ACTIVITY >> Please find all lines in the data that hold the string "background" and copy them.

PROVIDED ENTRIES >>
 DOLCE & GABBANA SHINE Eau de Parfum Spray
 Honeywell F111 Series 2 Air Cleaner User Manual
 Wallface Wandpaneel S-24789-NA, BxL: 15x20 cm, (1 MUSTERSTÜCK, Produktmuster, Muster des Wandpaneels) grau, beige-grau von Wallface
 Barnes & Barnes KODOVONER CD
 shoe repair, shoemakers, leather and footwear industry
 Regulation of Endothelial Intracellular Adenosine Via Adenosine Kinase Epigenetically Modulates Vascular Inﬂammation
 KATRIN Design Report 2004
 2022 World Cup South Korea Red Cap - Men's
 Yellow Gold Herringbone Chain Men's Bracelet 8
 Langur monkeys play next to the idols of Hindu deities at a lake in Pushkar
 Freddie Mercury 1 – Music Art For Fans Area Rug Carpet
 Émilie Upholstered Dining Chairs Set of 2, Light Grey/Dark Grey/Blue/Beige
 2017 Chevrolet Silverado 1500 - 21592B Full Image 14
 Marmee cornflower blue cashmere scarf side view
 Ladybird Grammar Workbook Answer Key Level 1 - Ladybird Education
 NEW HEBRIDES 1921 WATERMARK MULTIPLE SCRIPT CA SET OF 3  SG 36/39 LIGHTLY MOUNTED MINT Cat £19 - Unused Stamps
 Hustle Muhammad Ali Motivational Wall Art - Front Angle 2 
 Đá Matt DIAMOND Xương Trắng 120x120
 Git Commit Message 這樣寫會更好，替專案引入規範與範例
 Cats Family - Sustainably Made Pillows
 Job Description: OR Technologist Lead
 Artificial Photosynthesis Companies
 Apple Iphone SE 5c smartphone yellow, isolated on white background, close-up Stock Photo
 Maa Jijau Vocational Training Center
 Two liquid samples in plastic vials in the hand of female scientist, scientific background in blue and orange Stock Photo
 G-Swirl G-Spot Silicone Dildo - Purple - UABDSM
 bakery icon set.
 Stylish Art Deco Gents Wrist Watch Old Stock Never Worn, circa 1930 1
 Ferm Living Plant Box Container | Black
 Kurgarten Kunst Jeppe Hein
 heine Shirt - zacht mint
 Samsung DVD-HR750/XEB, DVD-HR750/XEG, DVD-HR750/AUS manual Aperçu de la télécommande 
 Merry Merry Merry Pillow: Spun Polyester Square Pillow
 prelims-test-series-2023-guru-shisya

ANSWER SECTION >>
 Apple Iphone SE 5c smartphone yellow, isolated on white background, close-up Stock Photo
 Two liquid samples in plastic vials in the hand of female scientist, scientific background in blue and orange Stock Photo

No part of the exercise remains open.